Symptoms of Trotter syndrome can appear at different ages, but the disease is usually diagnosed in early childhood. Hypertrophy of the internuclear lenses manifests itself in the form of an increase in the size of their nuclei, which can lead to visual impairment. Oculomotor disorders may manifest as involuntary eye movements, trembling of the eyeballs, or problems with eye coordination. Seizures can be either epileptic seizures or milder forms of seizure activity.

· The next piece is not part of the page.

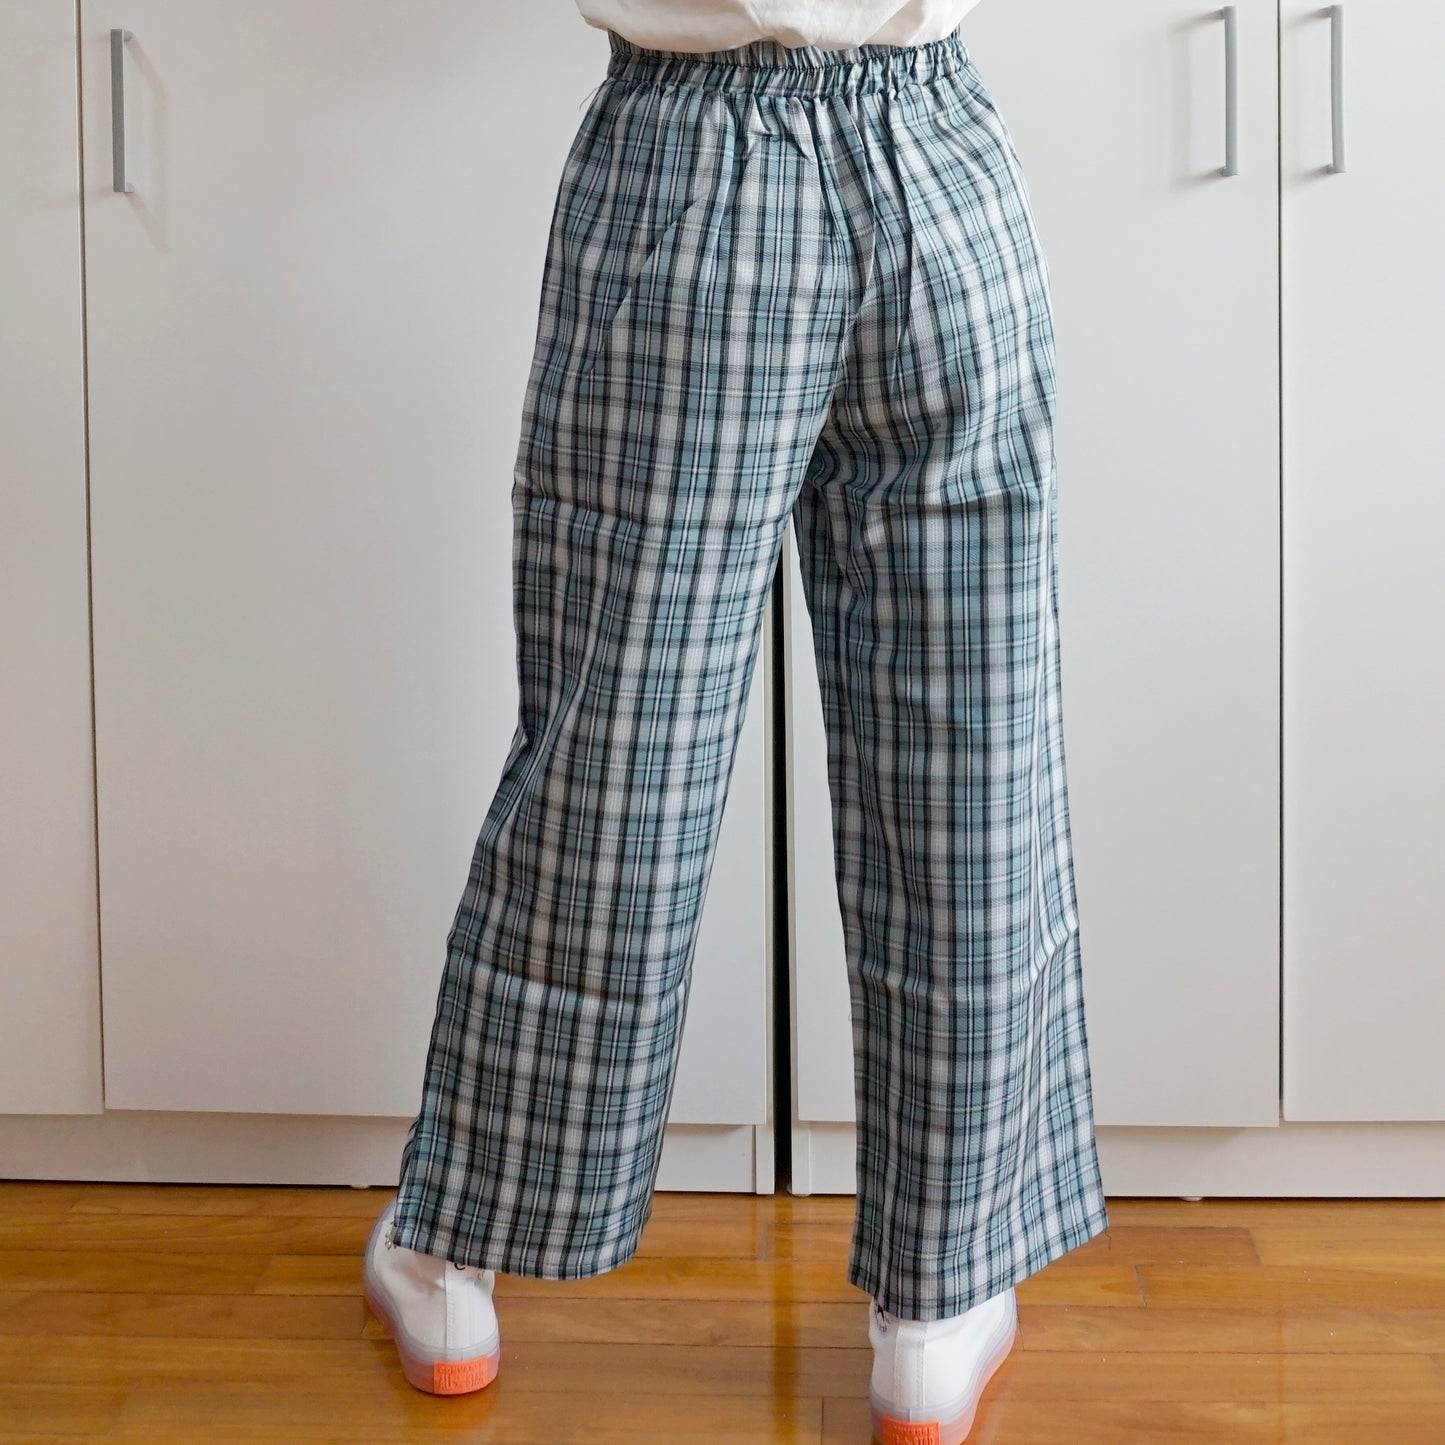 Pull-On Plaid Pants (7 Colors)

Treatment for Trotter syndrome is aimed at relieving symptoms and improving the patient's quality of life. Treatment may include anticonvulsant medications, eye drops, and vision correction. In some cases, surgery may be required to improve vision or correct oculomotor disorders.
Trotter syndrome is a rare disease, but its manifestations can significantly affect the patient's quality of life. Therefore, it is important to consult a doctor in a timely manner if there are any disturbances in vision or motor functions of the eyes.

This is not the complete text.